BIOLOGICAL OVERVIEW

dachsous encodes a protein that controls imaginal disc morphogenesis in Drosophila and is a member of the cadherin superfamily. Two loci, dachsous(ds) and fat(ft), both members of the cadherin superfamily, have long been known to play important roles during imaginal disc development and morphogenesis. The genetic interaction between ds and ft suggested that these two genes might function in the same pathway. A spontaneous mutation at the ds locus, ds1 was discovered in 1917 by Calvin Bridges. The first recessive and dominant mutations of ft, known as ft1 and Gull, respectively, were isolated two years later; similarities between their phenotypes and that of ds1is the basis for the model suggesting that ds and ft function in the same genetic pathway. Consistent with this model, ds1 was shown by Mohr in 1929 to suppress the Gull phenotype, since one copy of ds1 causes a weak suppression of Gull, and two copies cause a strong suppression (Clark, 1995 and references).

Dachsous and Fat differ from the classic cadherins, and from another cadherin protein of Drosophila, Shotgun, mainly due to the much larger number of extracellular cadherin domains in Ds and Fat. In addition, Shotgun and Fat have EGF- and laminin A G-domain-like repeats in their extracellular domains that are absent in Ds and the classic cadherins. Based on the structures of Ds and Fat, and based on their genetic interaction, a model is presented which accounts for the physical interaction between Ds and Fat. It is proposed that Ds and Fat mediate cell-cell adhesion by homo- and heterophilic interaction of the cadherin domains and transmit signals regulating morphogenesis and cell proliferation via their cytoplasmic domains to the cell interior and nucleus. The morphogenetic signals transmitted by Ds and Ft are not necessarily the same, although the two proteins might cooperate. Only Ft (but not Ds), mediates signals controlling cell proliferation through its specific extracellular EGF-like and laminin A G-domain-like repeats, which act as receptors. Both of these processes, (1) control of cell proliferation and (2) morphogenesis, are intimately linked by coupled equilibria between homophilic and heterophilic associatons of the Ds and Fat cadherins. The likelyhood that Dachsous forms a heterodimeric association with Fat on adjacent cells is used to explain the suppression of Gull phenotype by dachsous mutation (Clark, 1995).

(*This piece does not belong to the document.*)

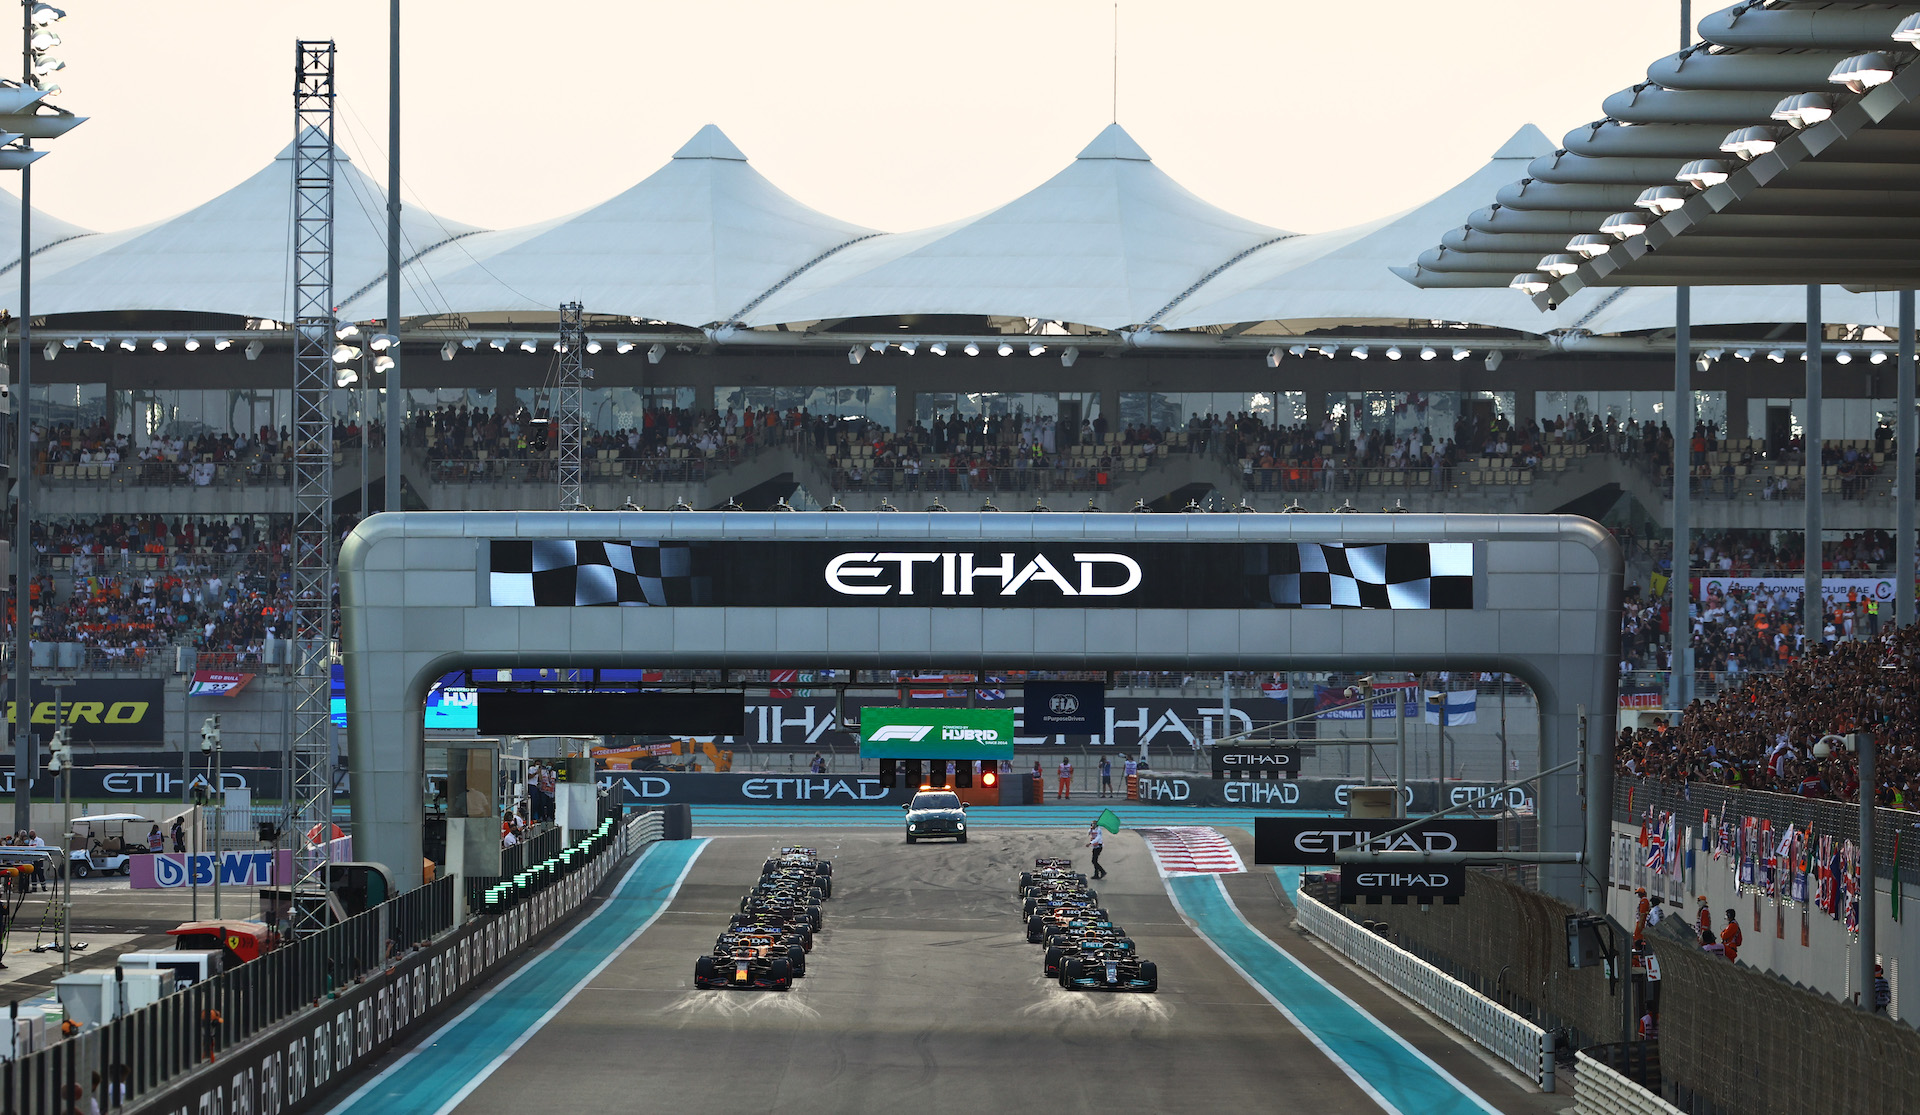 Circuito de Yas Marina, GP Abu Dhabi, F1
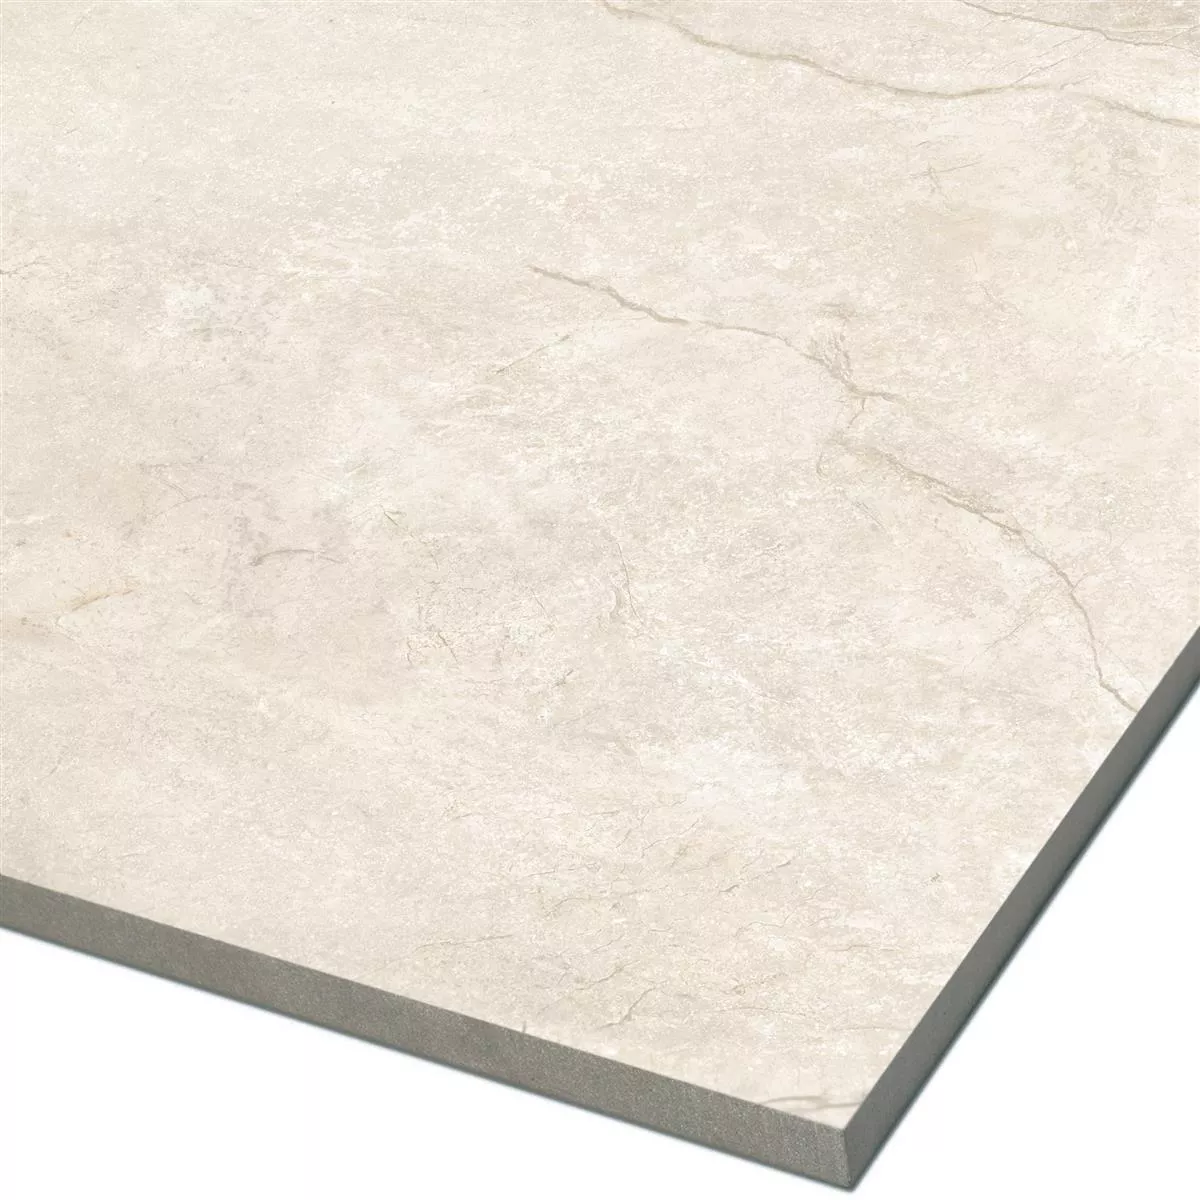 Sample Floor Tiles Pangea Marble Optic Polished Cream 60x60cm

Flies mutant for dachsous exhibit a tissue polarity phenotype. At least some of the tissue polarity phenotypes associated with ds resemble those seen in frizzled pathway mutants and seem unlikely to be due to an effect on cell adhesion. It has been known for some time that the function of ds relates to tissue polarity. Held (1986) found that ds mutations disrupt the polarity of bristles on the legs and that they cause leg joint abnormalities that are similar to those produced by fz and spiny legs. The overall morphological abnormalities caused by ds mutations are greater on the leg than in the wing, but it appears that the effects on the wing and leg may be parallel (Adler, 1998).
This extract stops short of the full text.